REQUIRED ACTION:
Copy all the data exactly, except the pictures.

***** DATA PROVIDED

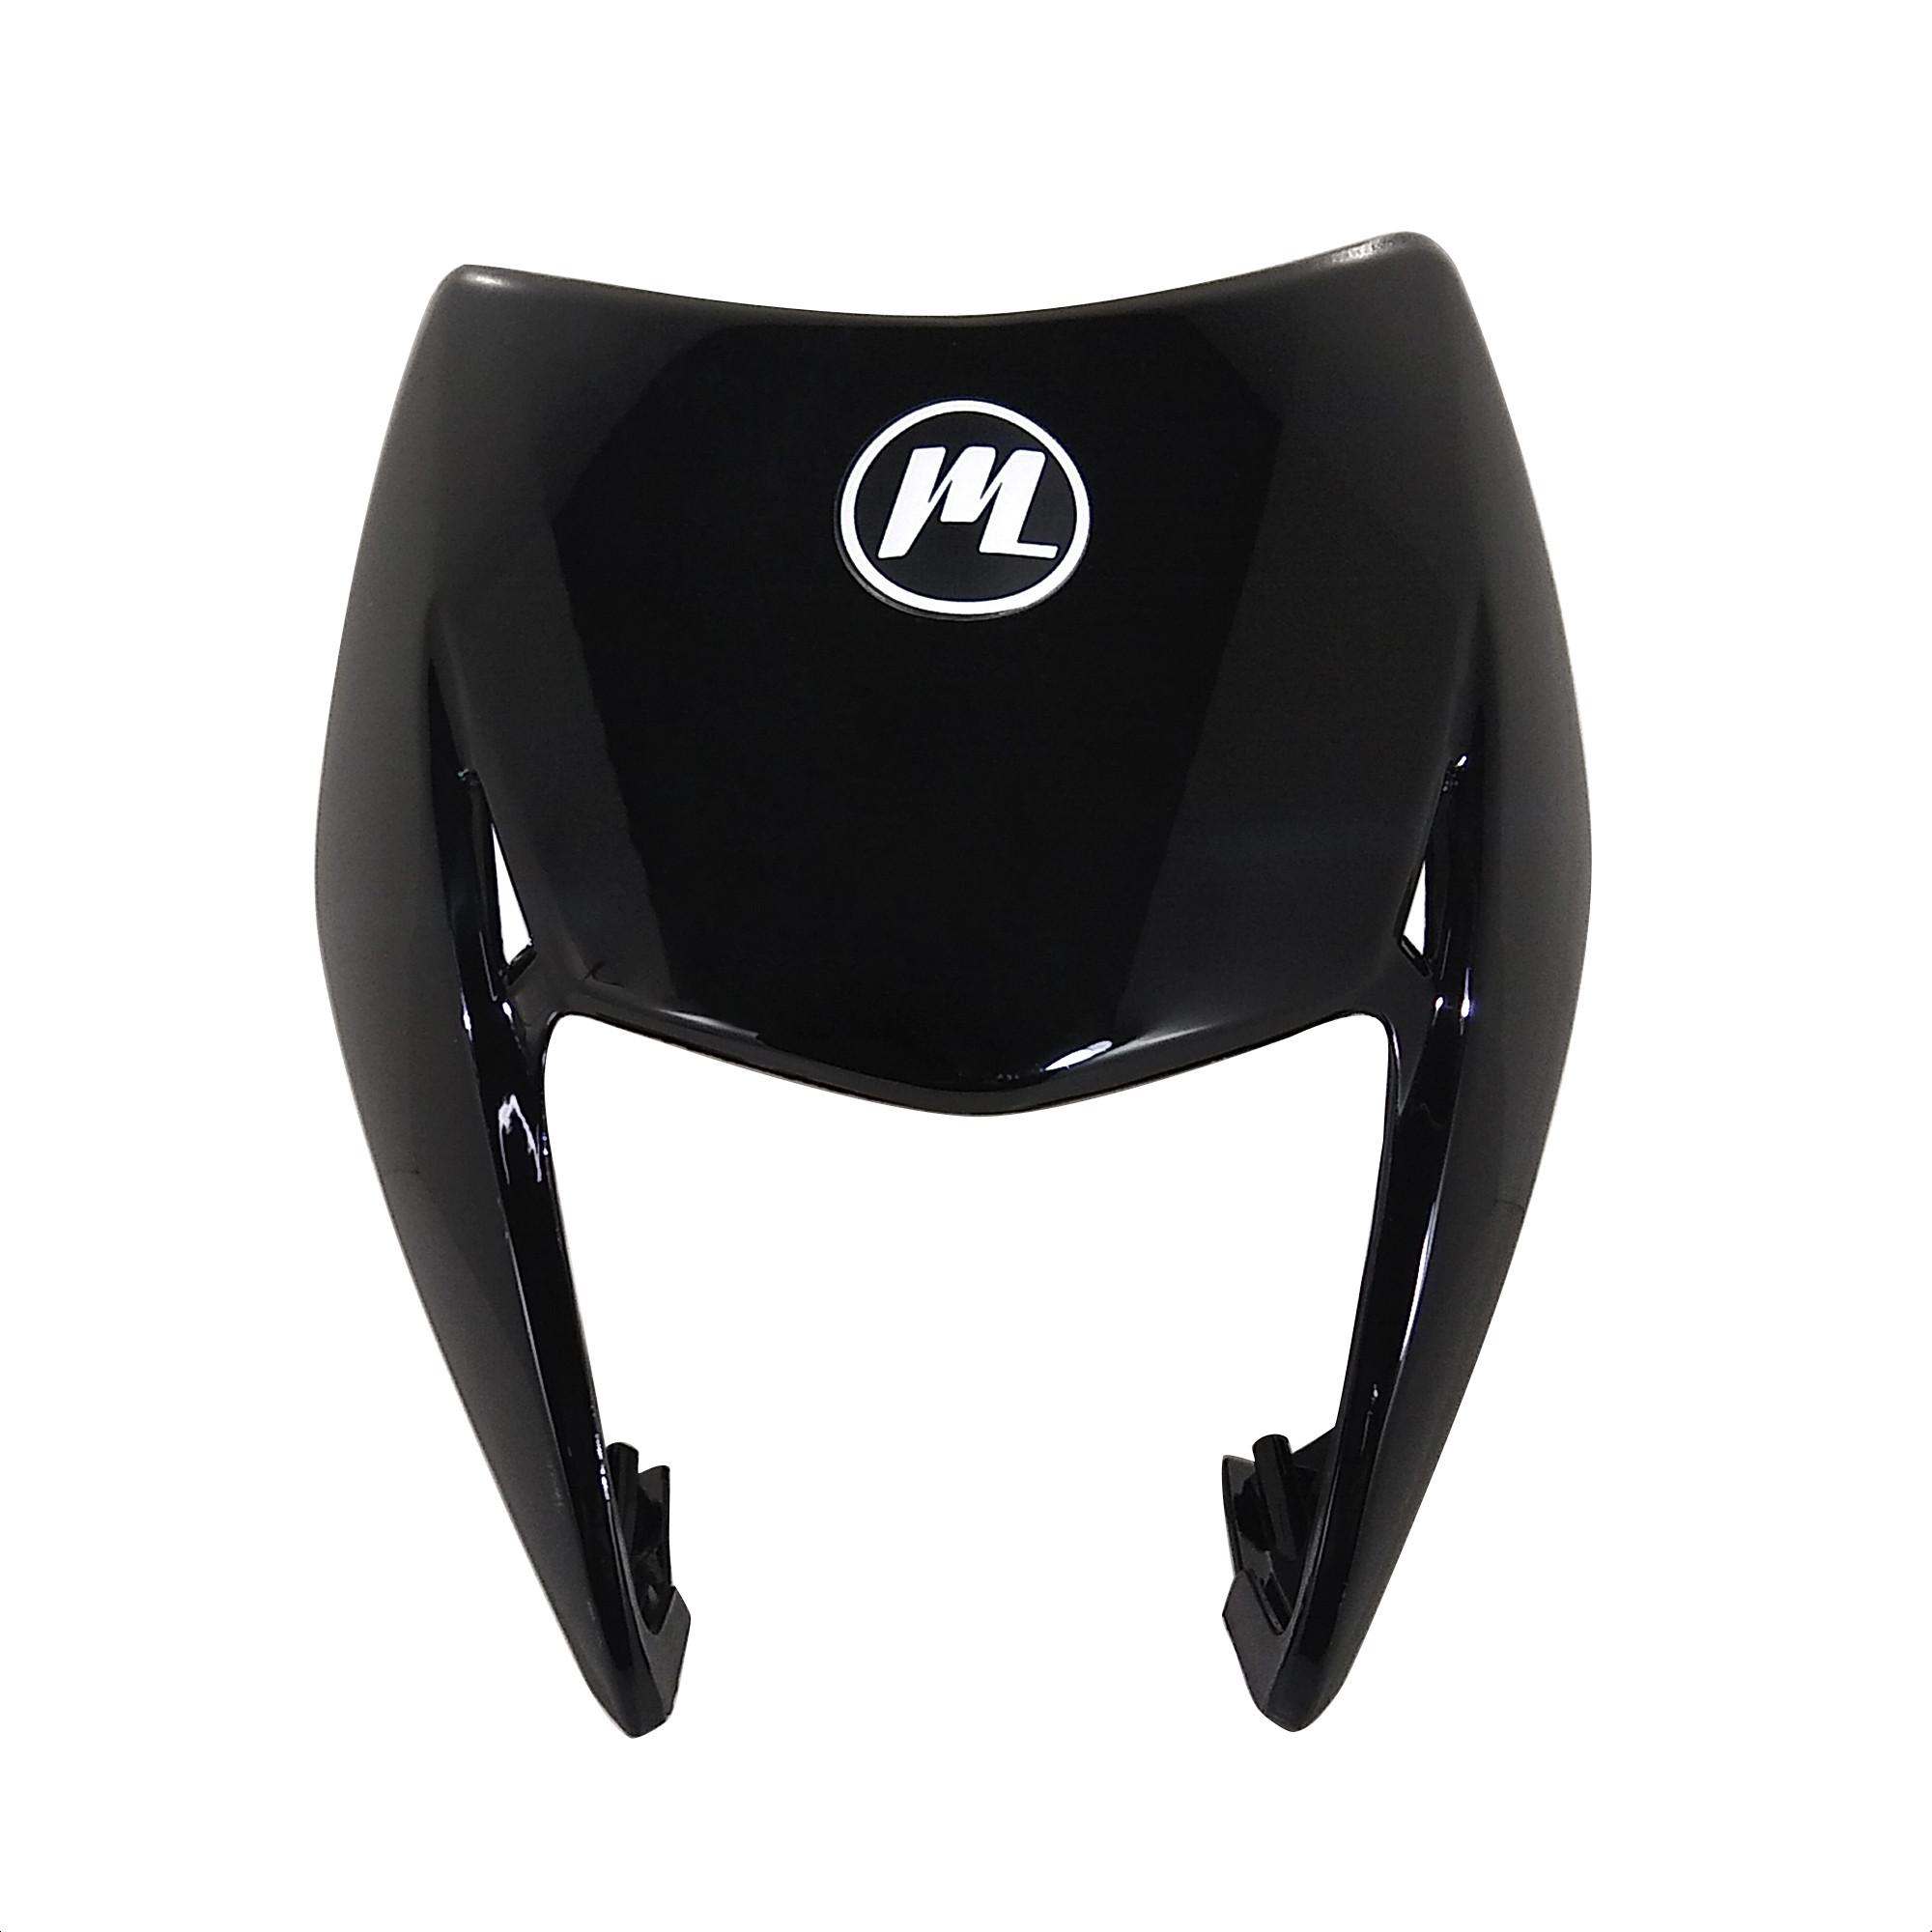 Mascara Optica Negro Motomel Skua 150 Modelo Nuevo Original
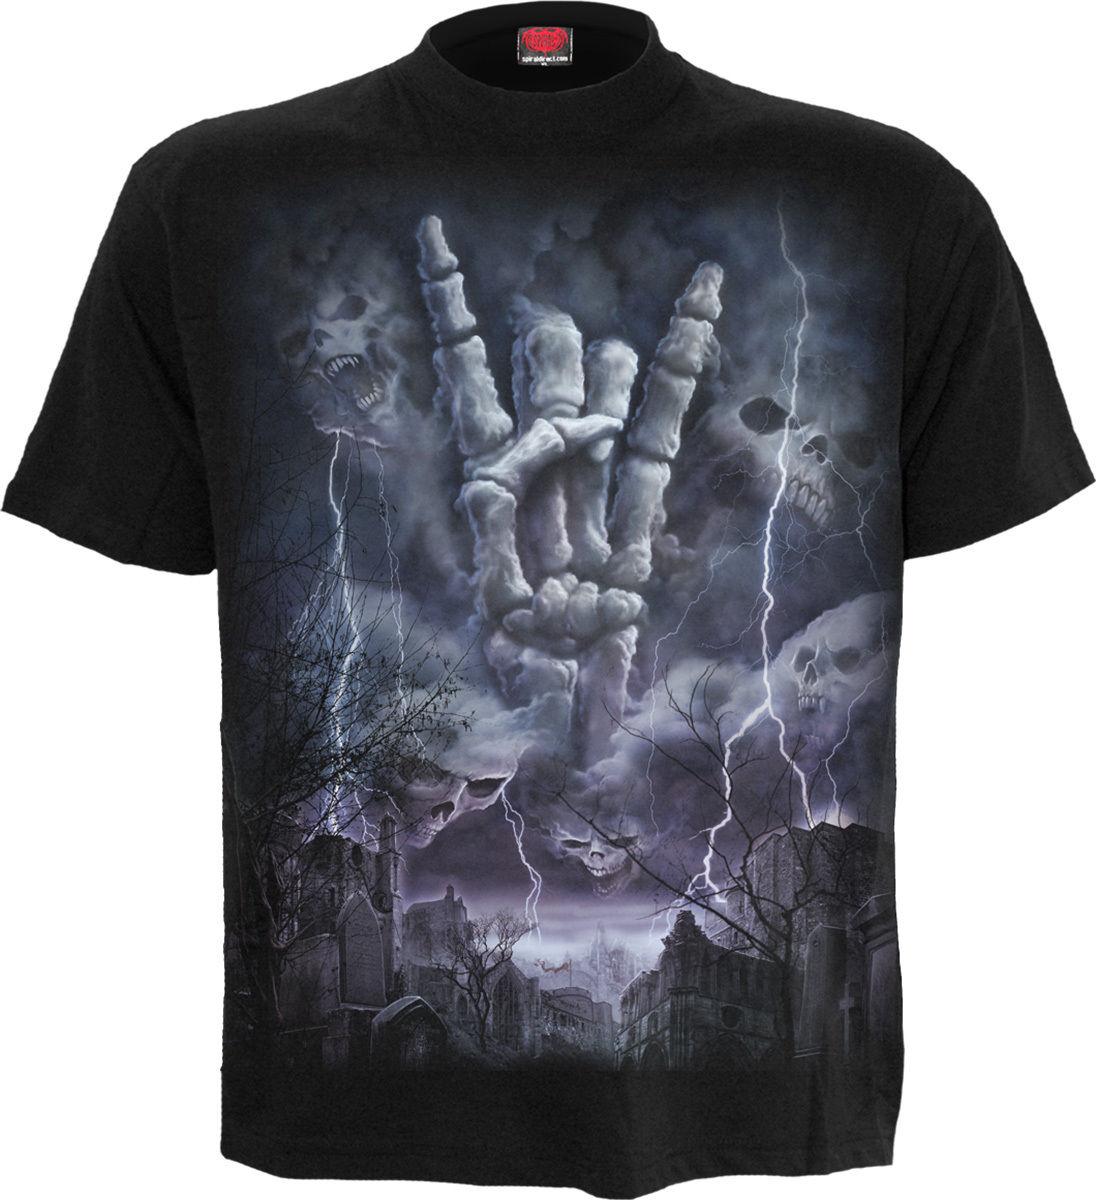 Biker Skulls Cross T-Shirt Clothing Spiral Direct BLEEDING SOULS Mens Metal
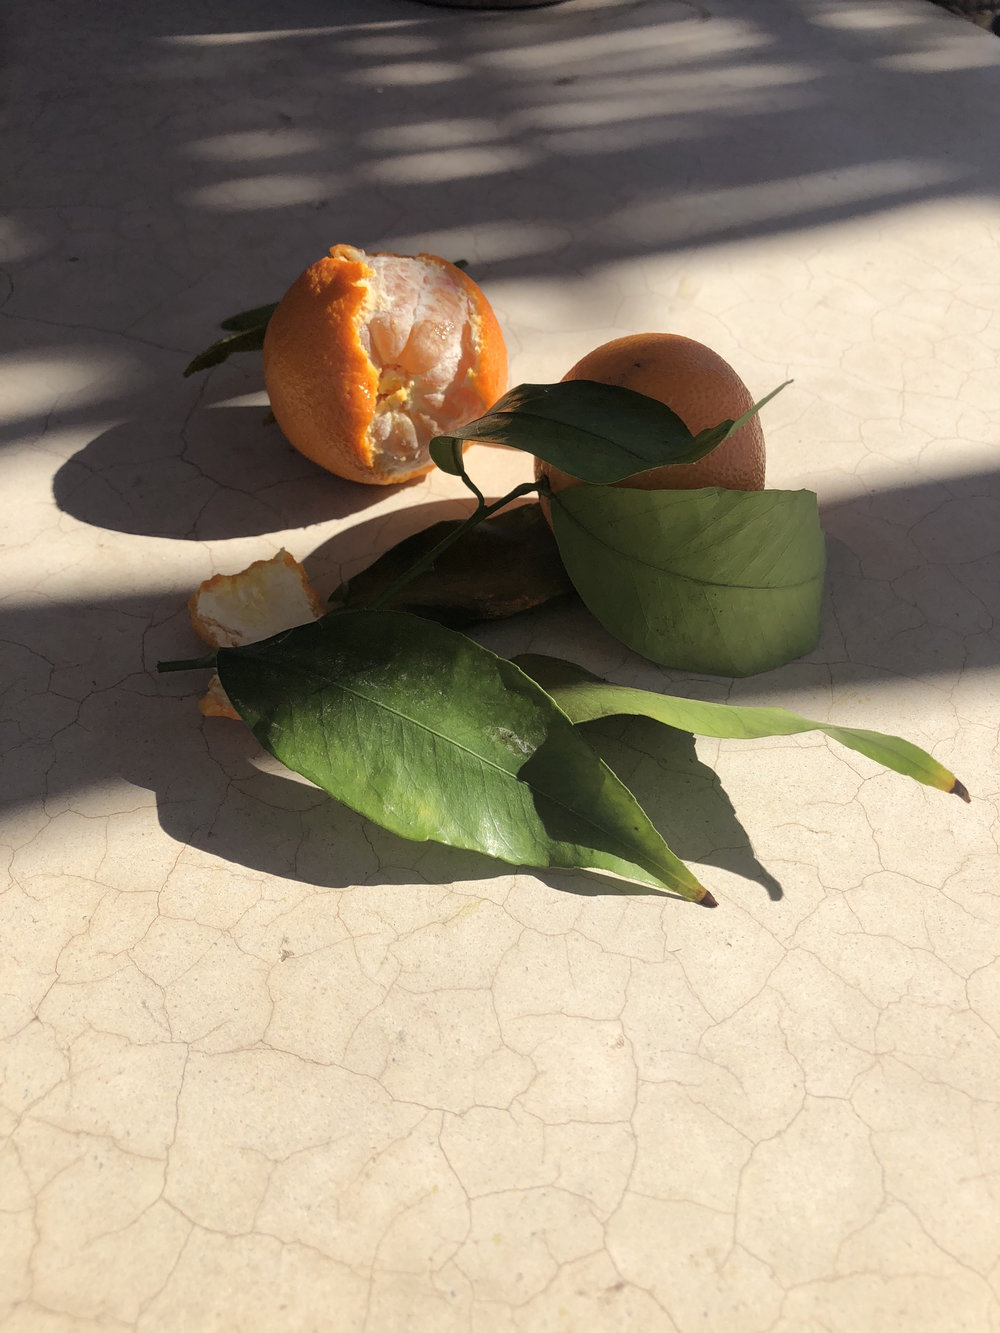 Orangeinsunlight.jpg

**********

WRITTEN ANSWER:
 Mascara Optica Negro Motomel Skua 150 Modelo Nuevo Original
 Biker Skulls Cross T-Shirt Clothing Spiral Direct BLEEDING SOULS Mens Metal
 Orangeinsunlight.jpg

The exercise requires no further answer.